In recent years, Catherine Barron has painted on salvaged metal plates, old book covers and vintage photographs, incorporating elements of the surface support into the finished paintings. She continues in a similar vein with this latest series of works, painting on 12-inch bakelite records, as well as more traditional wooden boards.
The work charts the artist’s own, very personal story. The imagery is on the one hand situational - with a series of studio-based self-portraits – and on the other allegorical, as the artist leads us on a confessional and intensely emotional journey through her adult life.

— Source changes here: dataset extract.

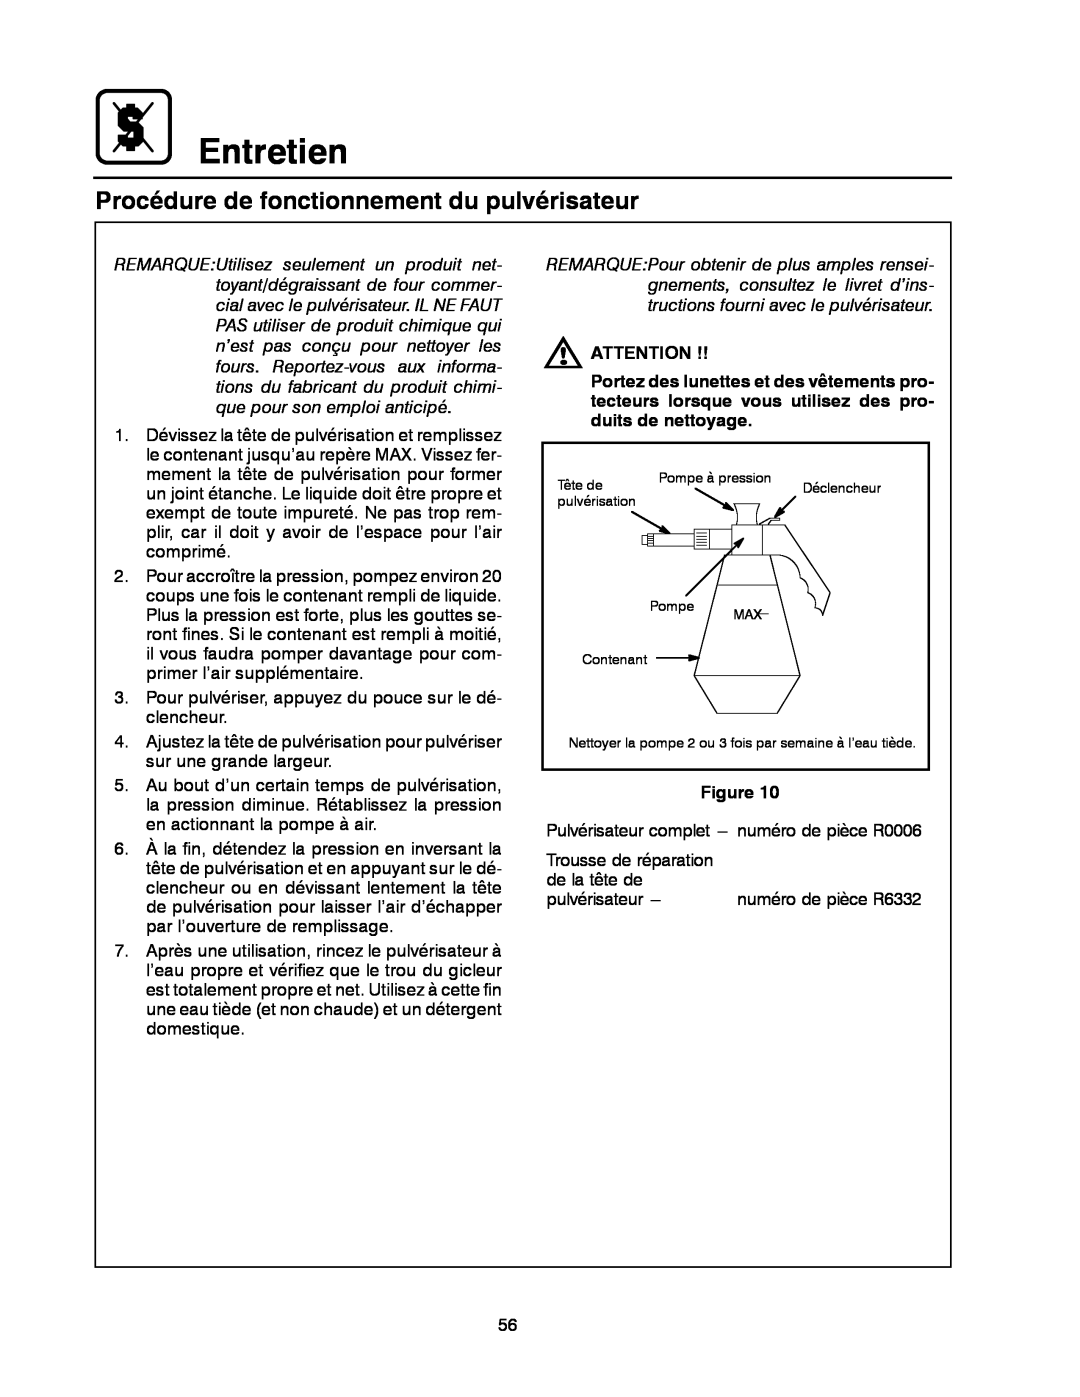 Blodgett BC-20G manual Entretien, Procédure de fonctionnement du pulvérisateur

For Barron, stories are fluid, with no definitive beginning, middle or end - rather they hang within the scaffolding of our existence. “When we want to say something, we pick out and articulate specific details to communicate an experience or a particular meaning. The stories we tell can relay something that has happened, something that is happening, but also something we imagine or hope for. How we tell the story also conveys how we feel about it, how we understand it.”
The book and the text ‘Lone Play’, which accompany the exhibition, marry the visual imagery with the written word and offer a broader context for the work. Copies of the book are available from the gallery.
Born in Co. Carlow, Catherine Barron studied at the Dun Laoghaire Institute of Art, Design and Tecnology, graduating in 1983. She has won numerous awards, most recently The De Vere’s Art Award at the RHA Annual Show, 2015. Her work can be found in many private and public collections including: Bank of Ireland, Glanbia, St James’s Hospital, Carlow Institute of Technology, the EPA, John De Vere, the Haverty Trust and the Department of Education.